Diese Spektrographen, die es DESIs Roboteraugen ermöglichen, auch schwache, entfernte Galaxien zu “sehen”, wurden entwickelt, um die Rotverschiebung zu messen, d.h. eine Farbverschiebung von Objekten, die sich von uns wegbewegen, zu längeren, röteren Wellenlängen. Die Rotverschiebung ist analog dazu, wie sich das Geräusch der Sirene eines Feuerwehrfahrzeugs in niedrigere Töne verschiebt, wenn es sich von uns entfernt.

“DESI ist ein sehr spannendes Projekt, das diese Rotverschiebungen für überzeugende Messungen von baryonischen akustischen Schwingungen und dunkler Energie nutzen wird”, sagte Roodman. “Es ist auch spannend, dass diese Daten die Daten des Large Synoptic Survey Telescope der nächsten Generation, das die dunkle Energie auf andere Weise messen wird, sehr gut ergänzen werden.” Beide Datensätze kombiniert werden einzigartige Möglichkeiten bieten, diese mysteriöse kosmische Eigenschaft zu untersuchen, sagte er.

Inzwischen sind acht DESI-Spektrographen installiert, die letzten beiden kommen noch vor Jahresende an. Um die Fokusebene mit den Spektrographen, die sich unter dem Teleskop befinden, zu verbinden, ist DESI mit etwa 150 Meilen Glasfaserkabeln ausgestattet.
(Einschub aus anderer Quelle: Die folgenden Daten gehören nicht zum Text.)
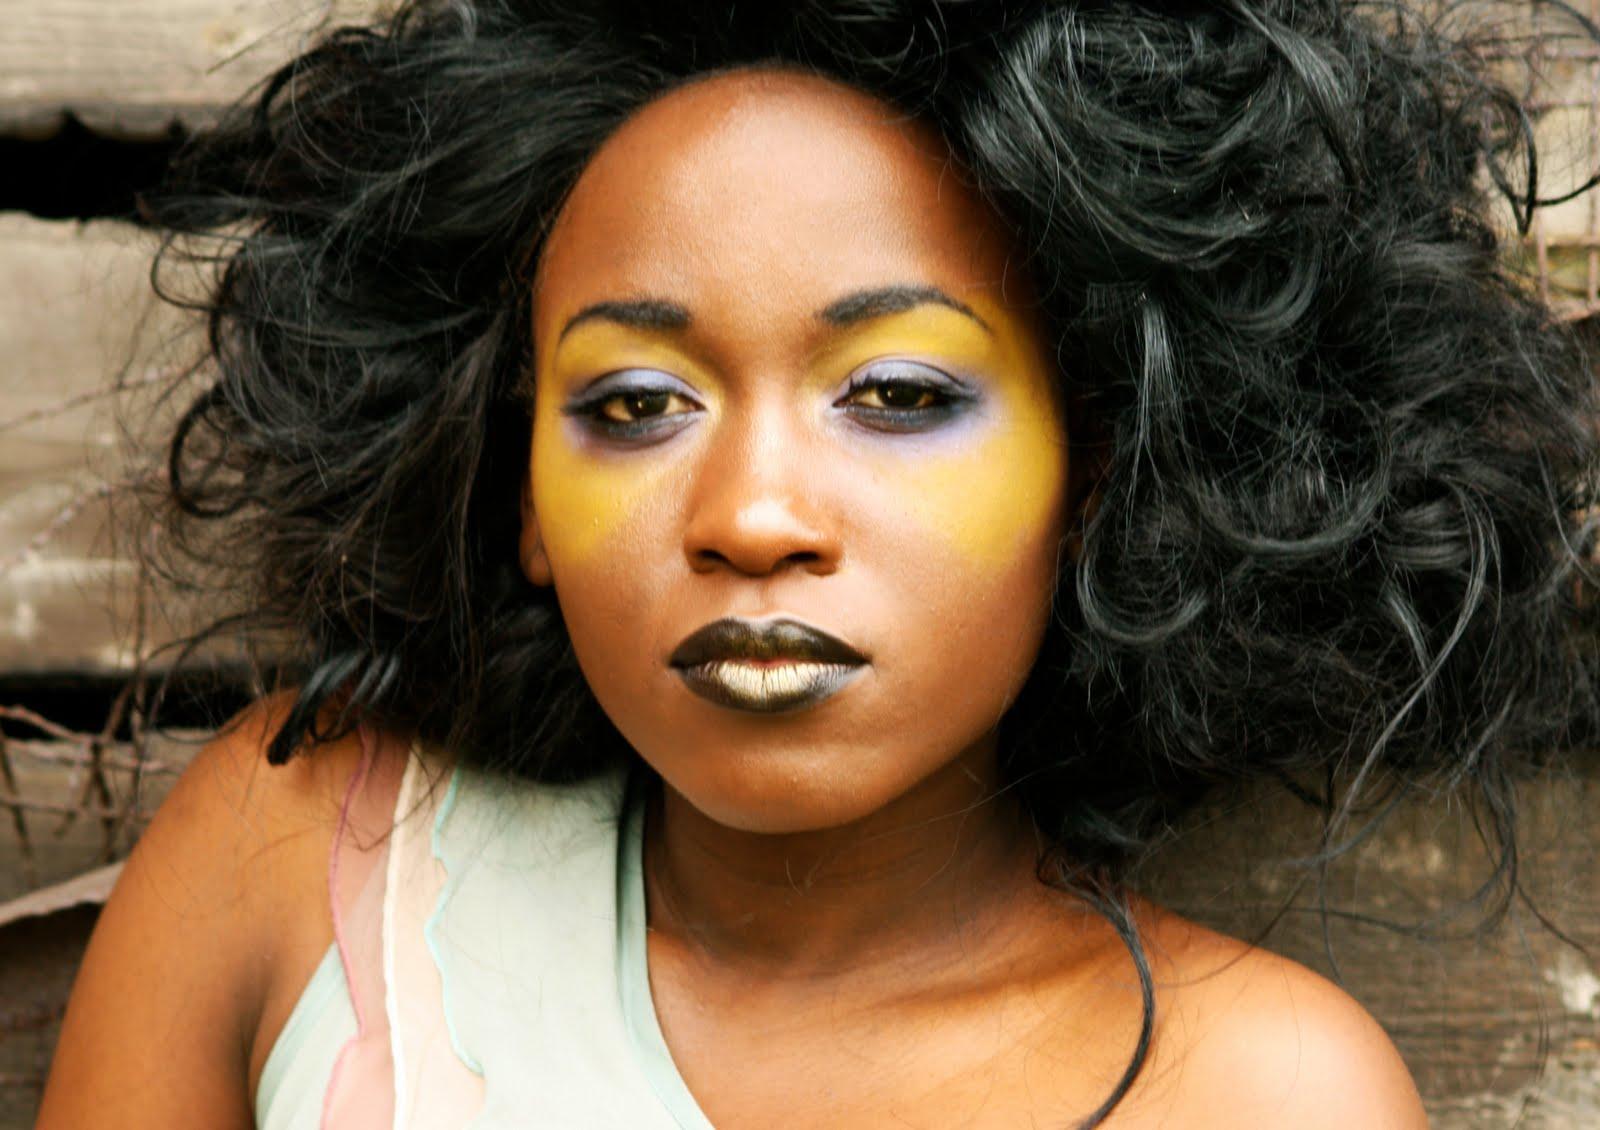 Hair And Makeup Artistry: Harry Jon Freelance Hair & Makeup Artist: Freelance Hair
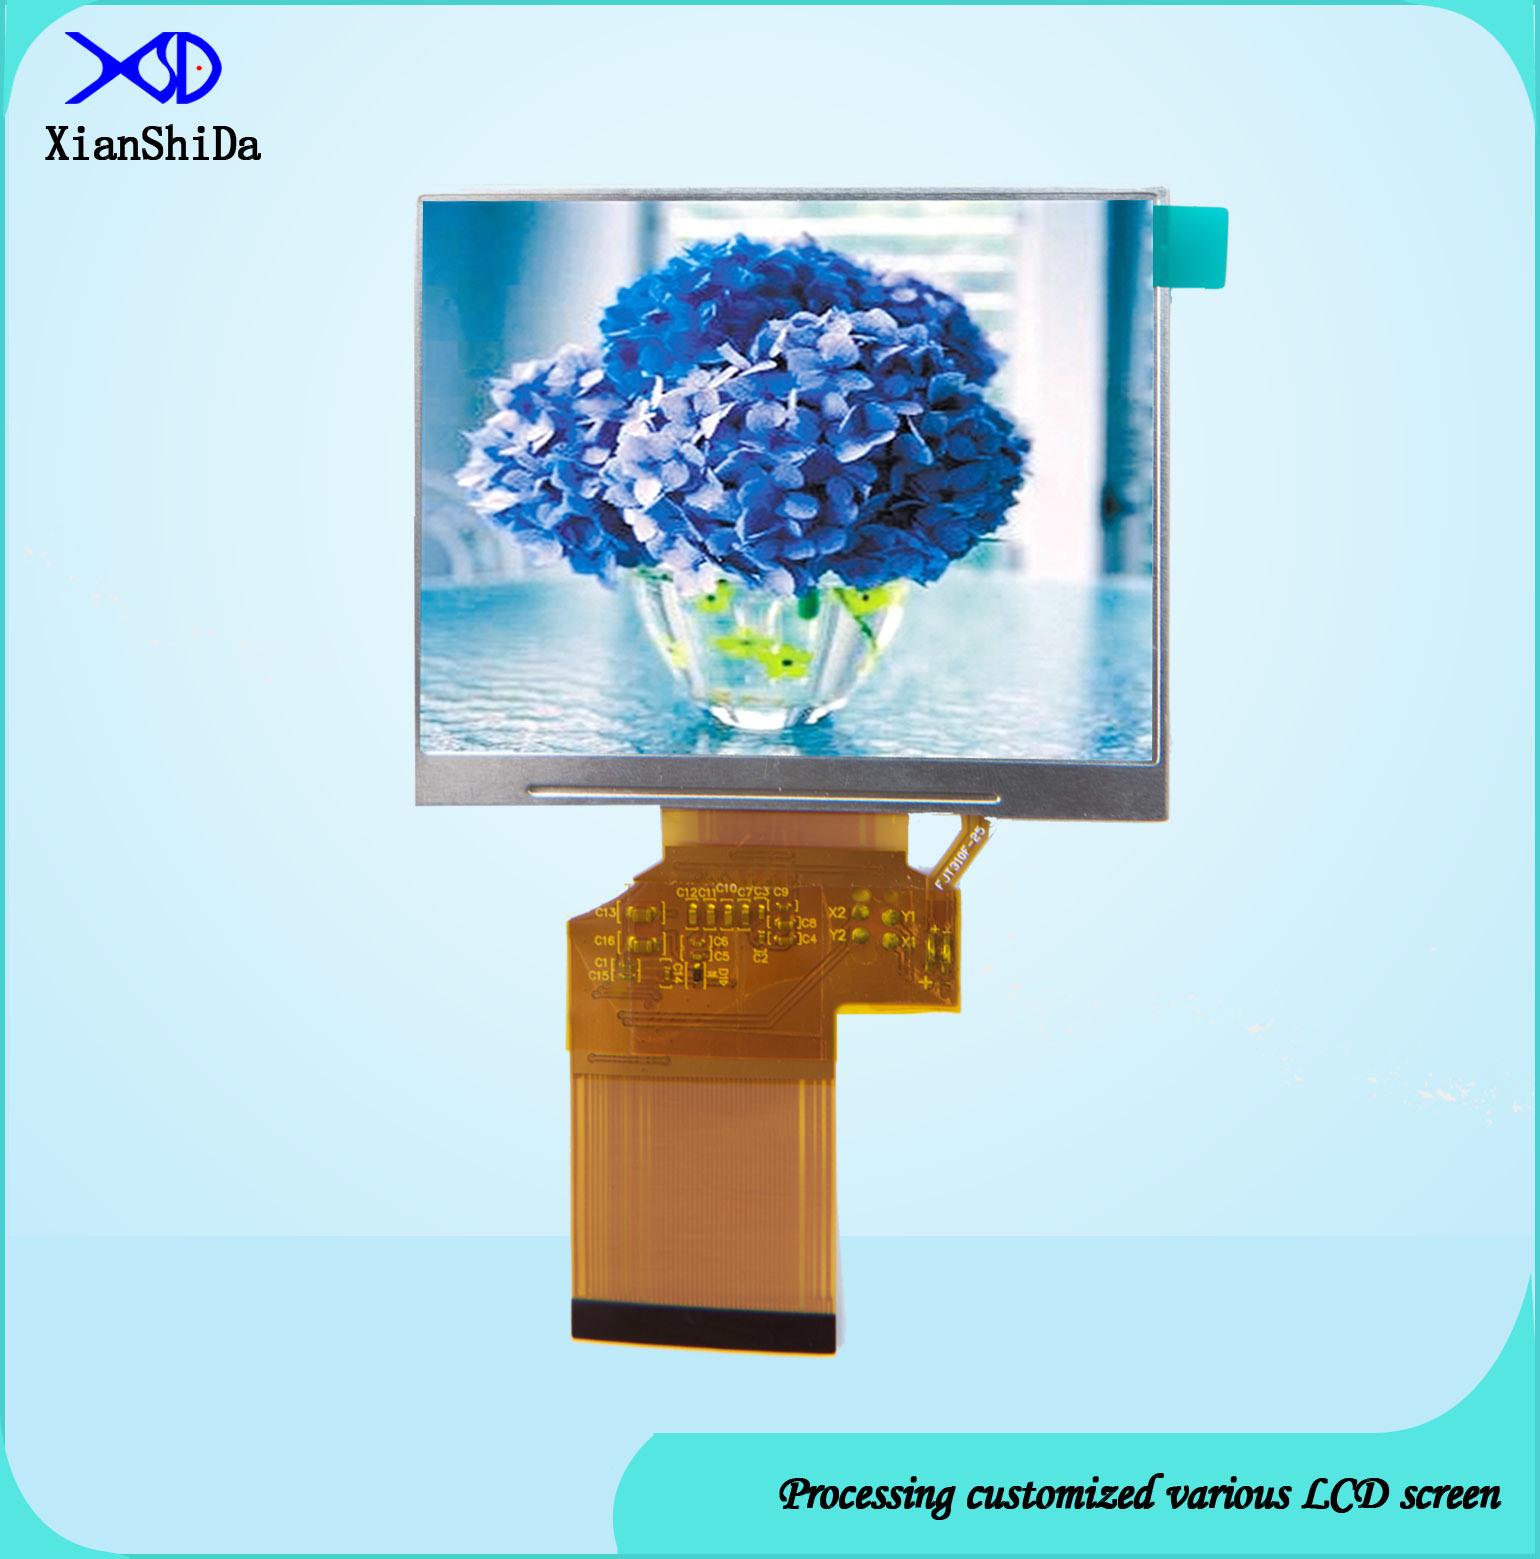 3.5 Inch LCD Screen 780CD/M2 High Luminance TFT LCD Display Module with 24 Bit RGB Interface

“Dies ist ein sehr aufregender Moment”, sagte Nathalie Palanque-Delabrouille, eine DESI-Sprecherin und Astrophysikerin bei der französischen Kommission für alternative Energien und Atomenergie (CEA), die am Auswahlverfahren teilgenommen hat, um festzustellen, welche Galaxien und andere Objekte DESI beobachten wird. “Das Instrument ist alles da. Es war sehr aufregend, von Anfang an dabei zu sein.”

Gregory Tarlé, Physikprofessor an der University of Michigan (UM), der die Studententeams leitete, die die Roboterpositionierer und verwandte Komponenten zusammenstellten, sagte, es sei erfreulich, eine Phase im Projekt zu erreichen, in der alle komplexen Komponenten von DESI zusammen funktionieren. UM lieferte insgesamt 7.300 Roboter-Positionierer, einschließlich Ersatzteile. Während der Produktionsspitze produzierten die Teams täglich etwa 50 Positionierer.

Nachdem die harte Arbeit beim Bau von DESI nun weitgehend abgeschlossen ist, sagte Tarlé, er freue sich auf die Entdeckungen von DESI.

“Ich möchte herausfinden, was die Natur der dunklen Energie ist”, sagte er. “Wir haben endlich eine Chance, die Natur dieses Materials zu verstehen, das das Universum dominiert.”